Secondary outcomes were (1) significant ST deviation, defined as ST elevation or ST depression; (2) left ventricular hypertrophy (LVH); (3) ectopy; and (4) any bundle branch block (BBB), defined as LBBB, right BBB, BFB, or TFB.
Presence of each of the outcomes categories was as per consensus by the expert readers, based on current clinical definitions.10,11 Supplemental Table 2 shows the reference ECG abnormalities and corresponding PMcardio categories in each outcome definition.
Statistical analysis
Diagnostic accuracy was expressed as sensitivity, specificity, positive and negative likelihood ratio (LR+ and LR-, respectively), and positive and negative predictive value (PPV and NPV, respectively) with their 95% confidence interval (95% CI). For sensitivity, specificity, PPV, and NPV, a point estimate of 100% indicates perfect diagnostic accuracy while 0% indicates no predictive ability for the outcomes of interest. For likelihood ratios, LR+ >10 or LR- <0.10 are generally regarded as indicating good test properties for ruling in or ruling out an outcome of interest, respectively.12
The primary analysis of this study was to assess the diagnostic accuracy of the PMcardio compared with the interpretation of the expert panel for the outcomes of interest using the Android platform. As a secondary analysis we presented Cohen’s kappa and 95% CI for agreement between Android vs iPhone for the outcomes of interest in order to assess whether the application can be used equally in clinical practice by users of both platforms.13
To assess whether the indication for ECG, ECG quality, or ECG format could be of influence on PMcardio diagnostic accuracy, we provided subgroup analyses.

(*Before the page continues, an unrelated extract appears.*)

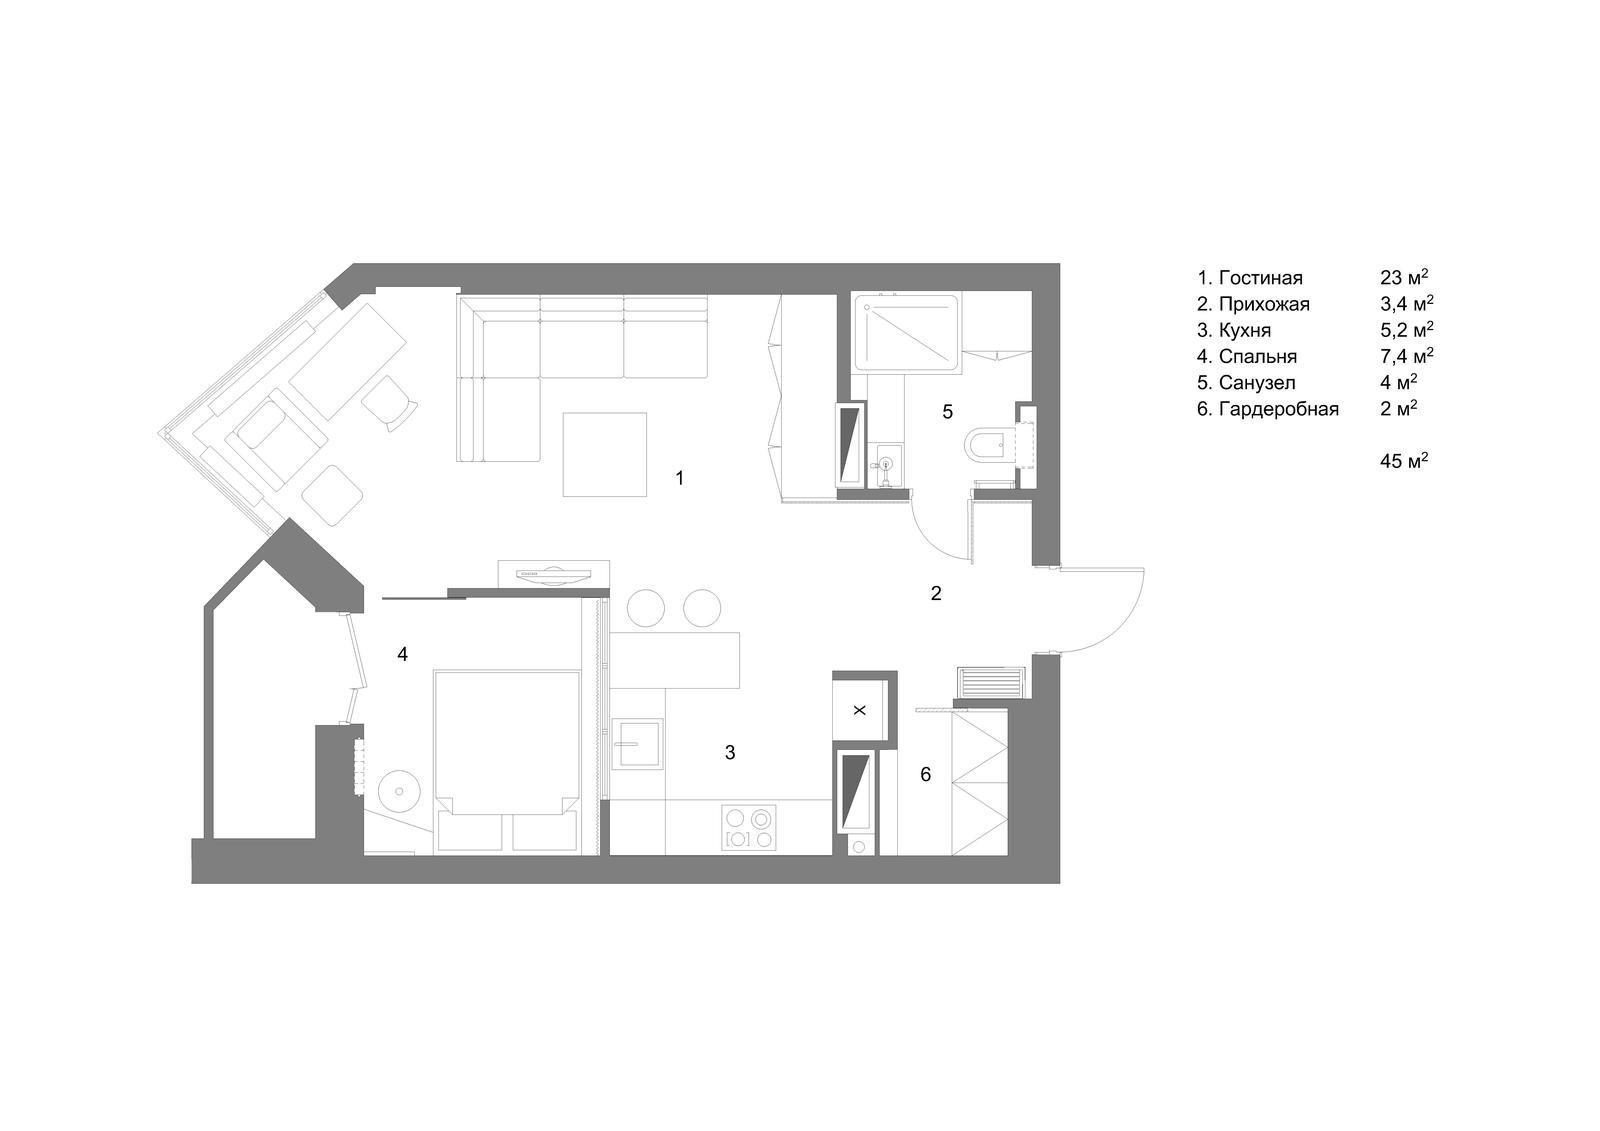 Смелый дизайн. Уютная квартира для небольшой семьи (ФОТО)

We validated PMcardio for the primary and key secondary outcomes in the subsets of patients who presented with cardiac symptoms; those with excellent ECG quality, defined as no to mild overall noise (mild noise was defined as presence of baseline irregularities but with P wave still discernible) and up to 1 out of 12 leads with baseline drift in the 12-lead ECG; and those with the most frequently used ECG configurations (3 × 4 leads + 1 RS, n = 202; and 6 × 2 leads + 1 RS, n = 71; see Supplemental Figure 1 for examples of these ECG formats). We also provided a sensitivity analysis where only PMcardio ECG assessments with high level of confidence, not low or mid level of confidence, were counted as positive for the index test, with the aim of assessing the accuracy of the confidence levels provided by PMcardio. Finally, we provided a comparison between PMcardio (as assessed on Android platform) and the 12-lead ECG device’s in-built automated interpretation algorithm (AIA) in those with available 12-lead ECG AIA results (n = 45) in order to compare PMcardio’s interpretation with that of commonly available automated ECG interpretation algorithm.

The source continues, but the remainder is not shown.